* [Recorded data]:
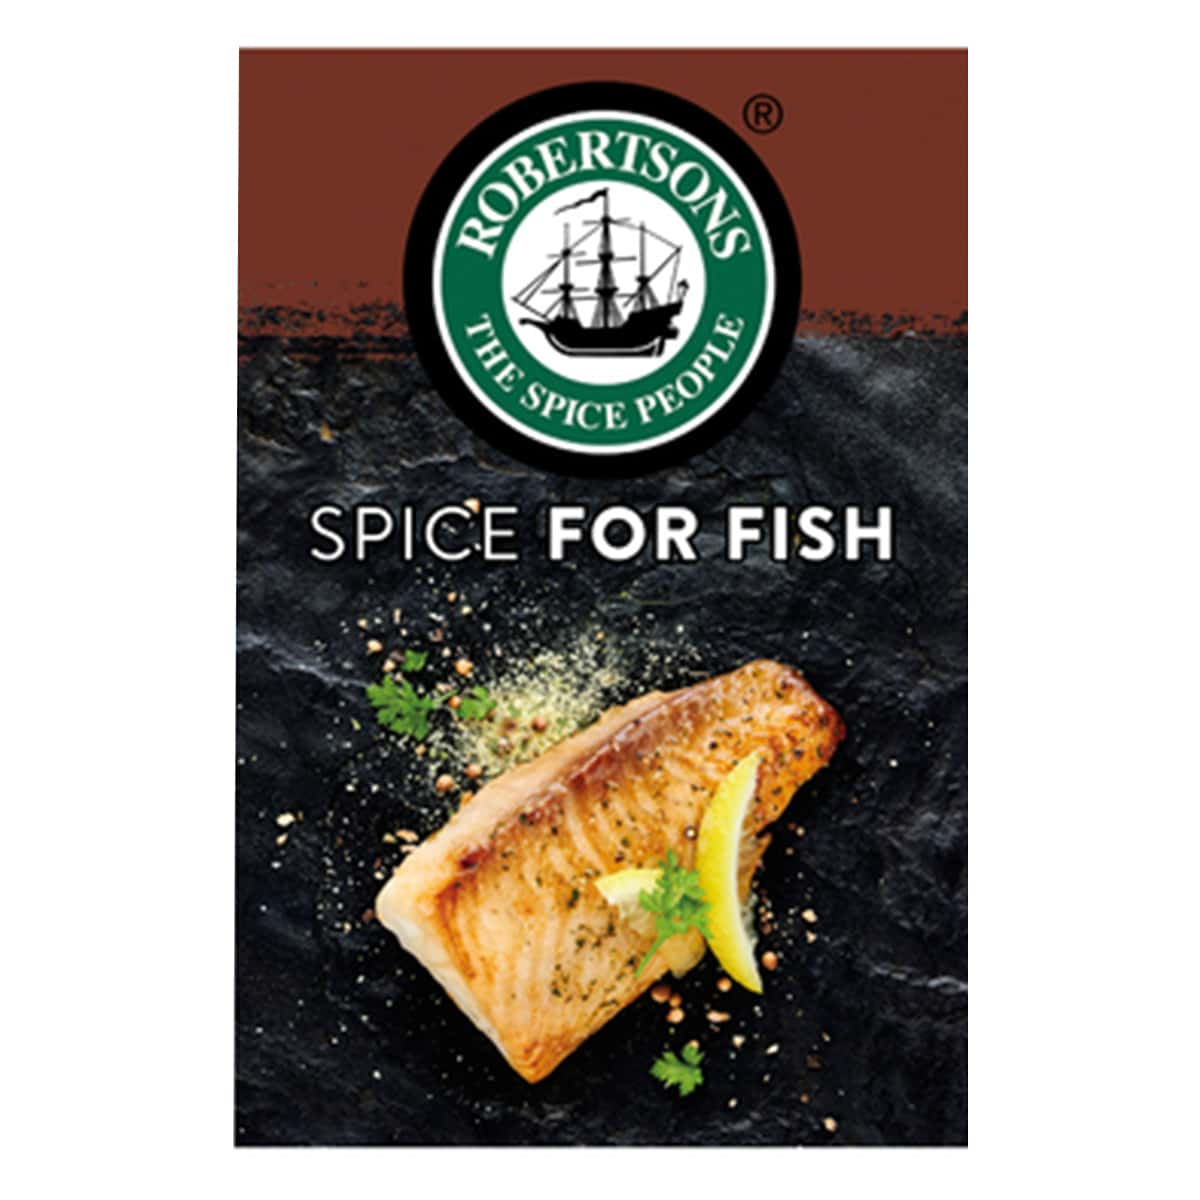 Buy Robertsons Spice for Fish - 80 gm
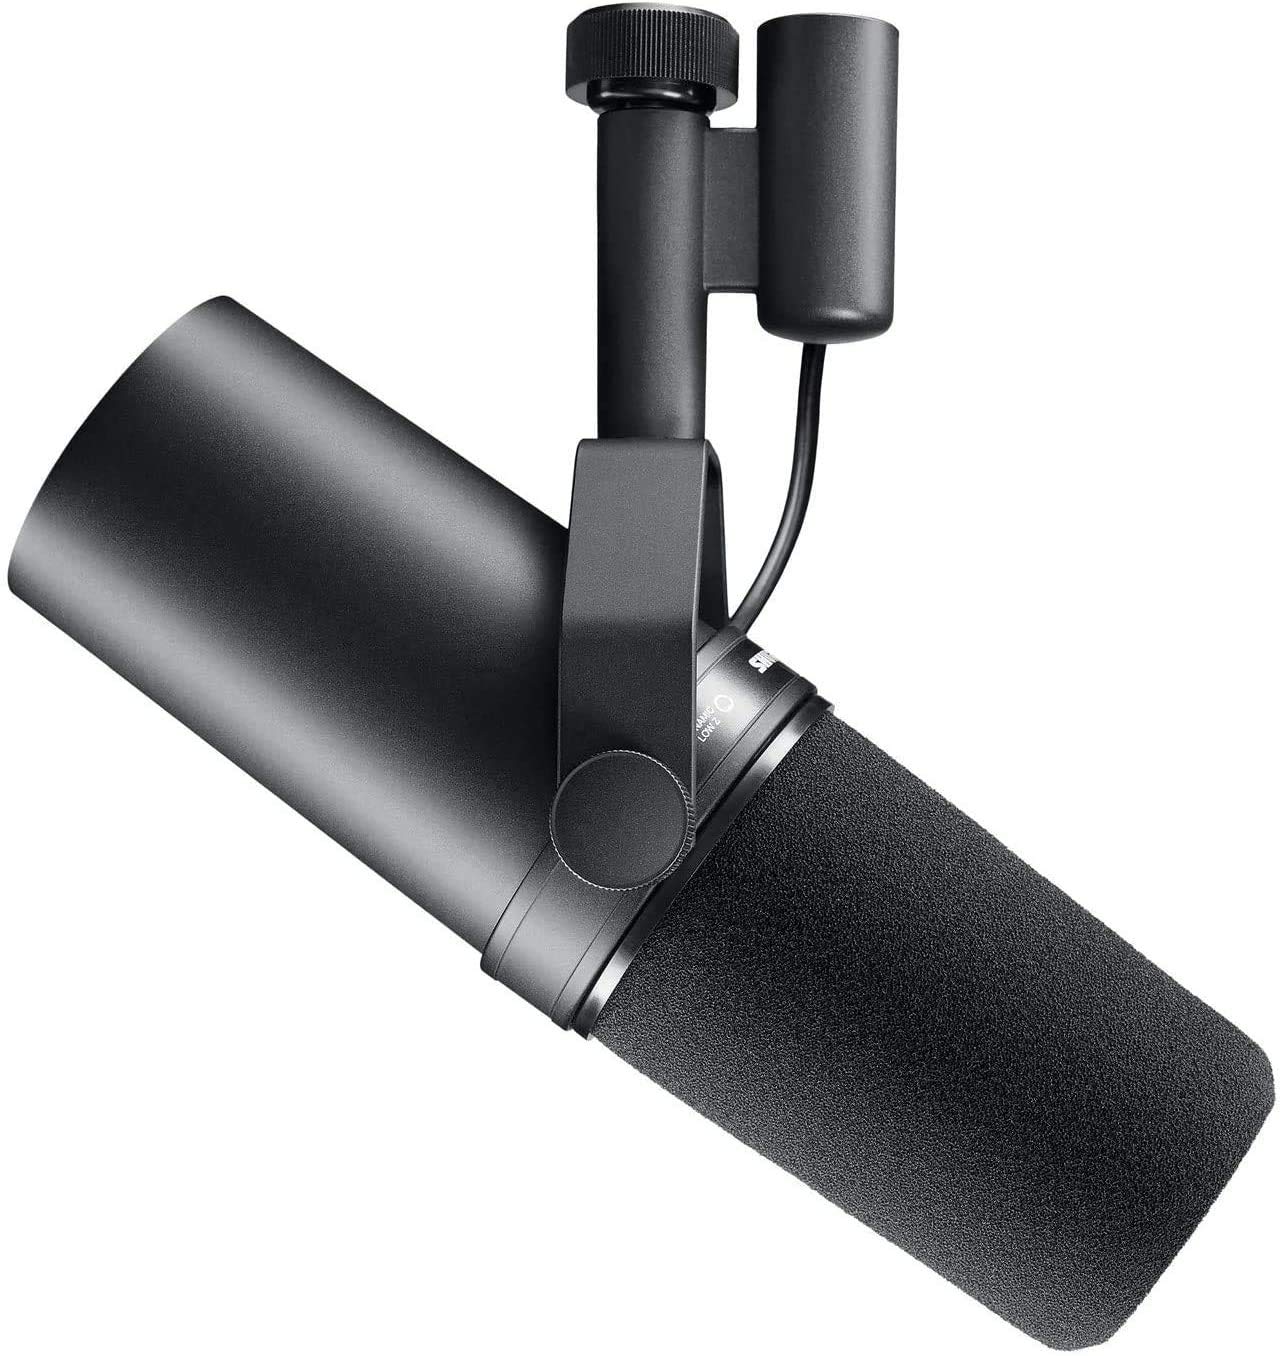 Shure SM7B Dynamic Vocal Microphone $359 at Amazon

...

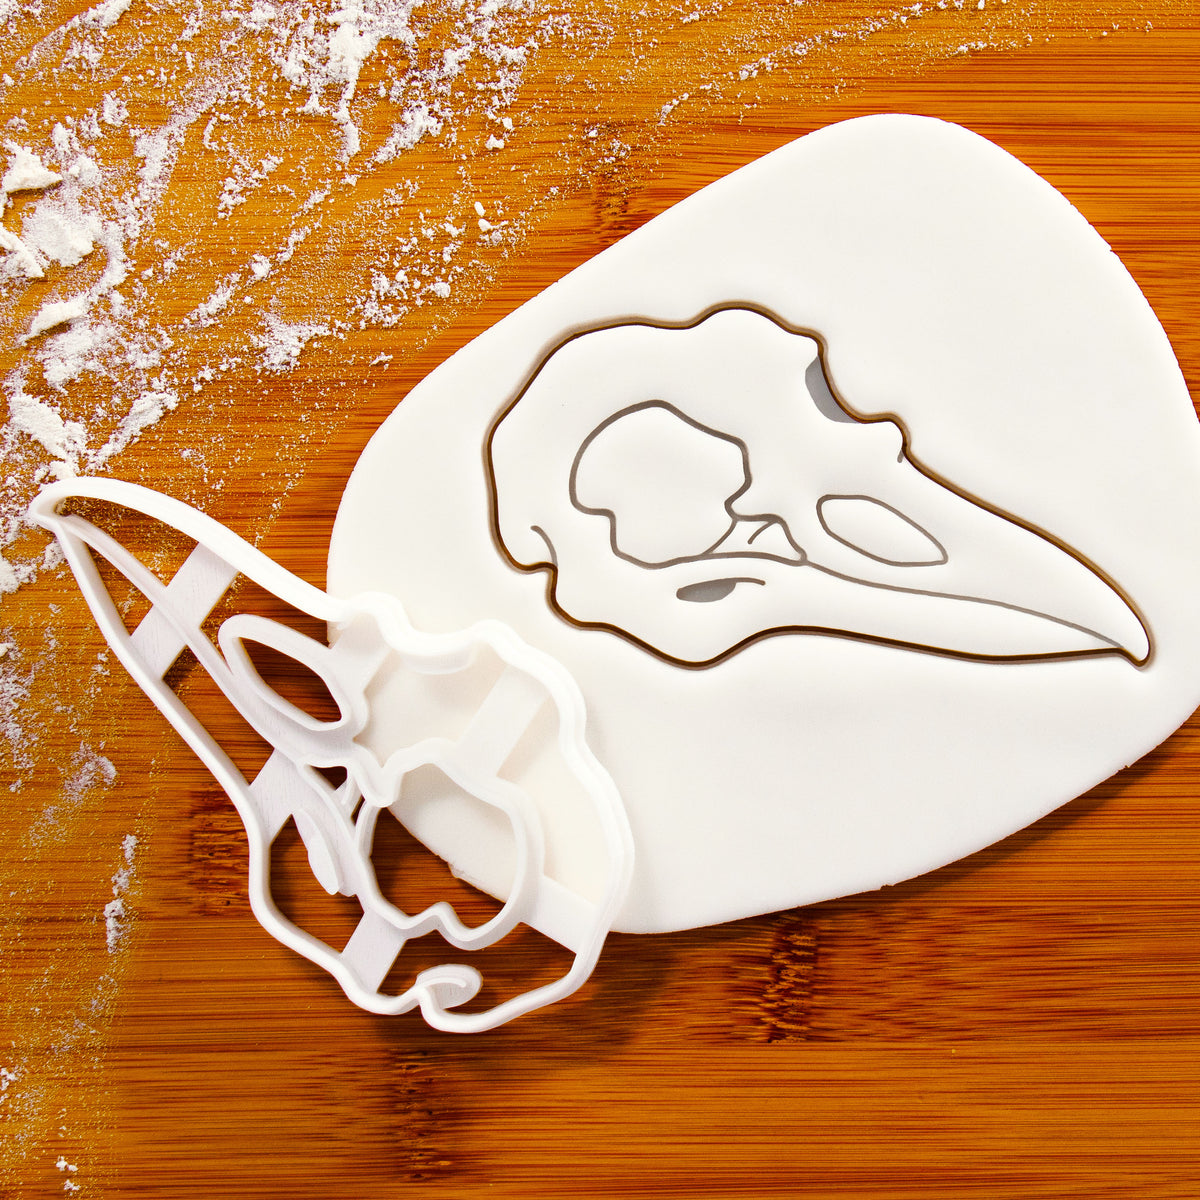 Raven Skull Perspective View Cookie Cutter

* [Required action]: Here the job is to copy the stretch of records from the line containing "Buy Robertsons Spice for Fish - 80 gm" through the line containing "Shure SM7B Dynamic", word for word. Leave every picture out.

* [Reply to the task]:
 Buy Robertsons Spice for Fish - 80 gm
 Shure SM7B Dynamic Vocal Microphone $359 at Amazon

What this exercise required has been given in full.